Tanpa bermaksud melebih-lebihkan, berikut akan saya tunjukan beberapa pencapaian Puan Maharani di domain publik yang memiliki kaitan erat dengan fungsi koordinasi (paralel dengan tugas utamanya sebagai Menteri Koordinator):
- Waktu menjabat menjadi Ketua Badan Pemenangan Pemilihan Umum (Bappilu) PDI Perjuangan, Puan Maharani berhasil mengantarkan capres dari PDIP, Jokowi sebagai Presiden terpilih mengalahkan rivalnya Prabowo Subianto yang didukung oleh banyak partai koalisi. Tentu pencapaian ini mustahil terwujud jika tanpa dikoordinasi oleh seseorang yang tidak memiliki skill koordinasi yang mumpuni. Mengingat, banyak sekali pihak yang harus dikoordinasikan oleh Ketua Bappilu; mulai dari di lingkungan internal partai (dengan beragam faksi), partai koalisi dan jajaran relawan.
- Ketika menjabat sebagai Ketua PDIP Bidang Politik & Hubungan Antar Lembaga (HAL), berhasil mengawal PDIP menjadi Parpol pemenang Pemilu legislatif 2014 dengan perolehan kursi DPR RI terbanyak. Kita tahu, fungsi utama bidang HAL ini adalah menjalankan fungsi koordinasi antar lembaga internal PDIP yang cukup banyak dan heterogen.
- Berhasil memperoleh raihan suara terbasar nasional dalam pemilu legislatif 2014 dengan total suara pribadi 242.504 suara. Ini merupakan angka fantastis dan menurut perkiraan pribadi saya tidak mungkin dilakukan dengan menggunakan metode politik uang mengingat cost politik yang tidak akan mungkin masuk secara “hitung-hitungan”.
- Dalam periode 2009-2014, sebagai ketua Fraksi PDIP, Puan Maharani mampu mengawal konsistensi dan peran PDIP di parlemen dalam posisinya sebagai oposisi (lebih tepatnya penyimbang pemerintah). Lagi-lagi, keberhasilan PDIP ber-opisisi secara jelas dan konsisten ini merupakan hasil--diantaranya—keterampilan koordinasi Puan dalam melakukan lobi, komunikasi politik dan koordinasi lintas kepentingan.
Melihat deret rekam jejak ini, saya berpendapat bahwa Puan mempunyai potensi profesionalitas untuk menjalankan berbagai tugas Menteri Koordinator. Mengutip testimoni Wapres, Jusuf Kalla: Puan memang belum memiliki pengalaman di Kementerian. Namun, pengalaman Puan di bidang politik dinilai cukup untuk menjadi seorang menteri koordinator. "Ya tidak ada orang yang langsung berpengalaman, semua harus dimulai dari awal, tapi Puan kan sudah berpengalaman di DPR," (Merdeka; http://goo.gl/IcSfQt).

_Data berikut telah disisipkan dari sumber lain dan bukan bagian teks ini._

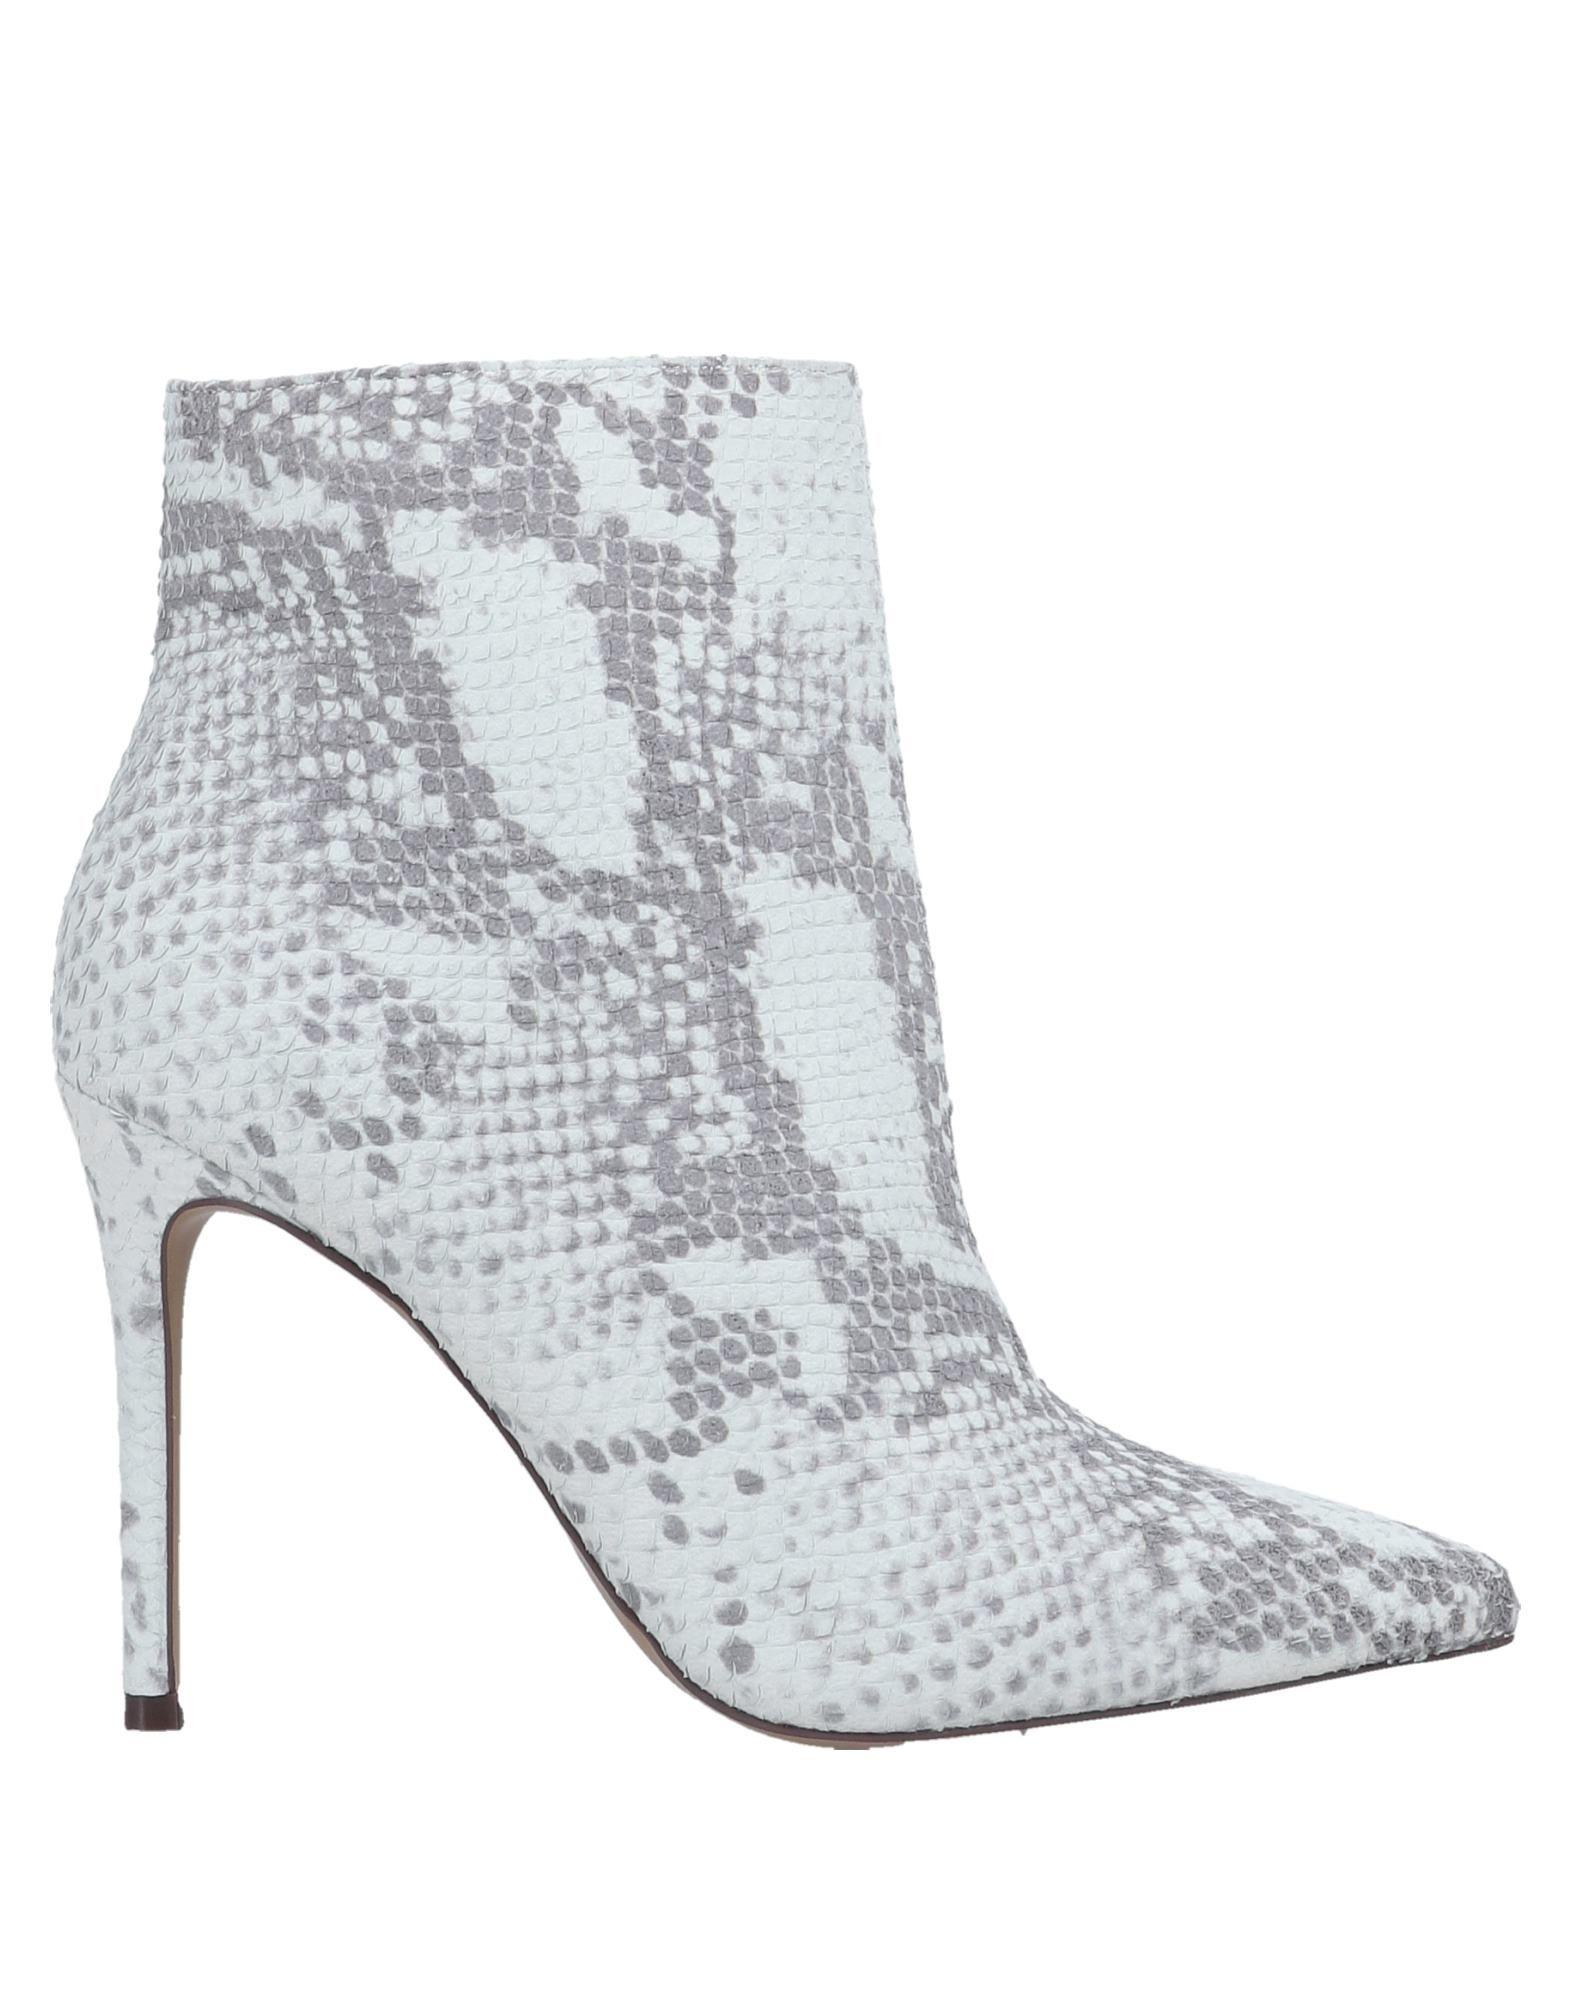 Bottine Windsor Smith Femme - Bottines Windsor Smith Gris clair Chaussures femme pas cher homme et femme

Setelah melihat dan menimbang secara holistik dari sisi hukum, etika dan profesionalitas, saya pikir tidak ada masalah bagi Puan Maharani menjabat sebagai Menko Pembangunan Manusia dan Kebudayaan. Kita tunggu saja hasil kinerjanya di kabinet, apakah akan sesuai dengan ekspektasi Presiden (sebagai atasannya) dan masyarakat (sebagai objek yang dilayaninya) atau tidak? Dan jika ternyata tidak, baru kita berhak untuk “men-judgement-nya”. Mohon bersabar sampai pada waktunya!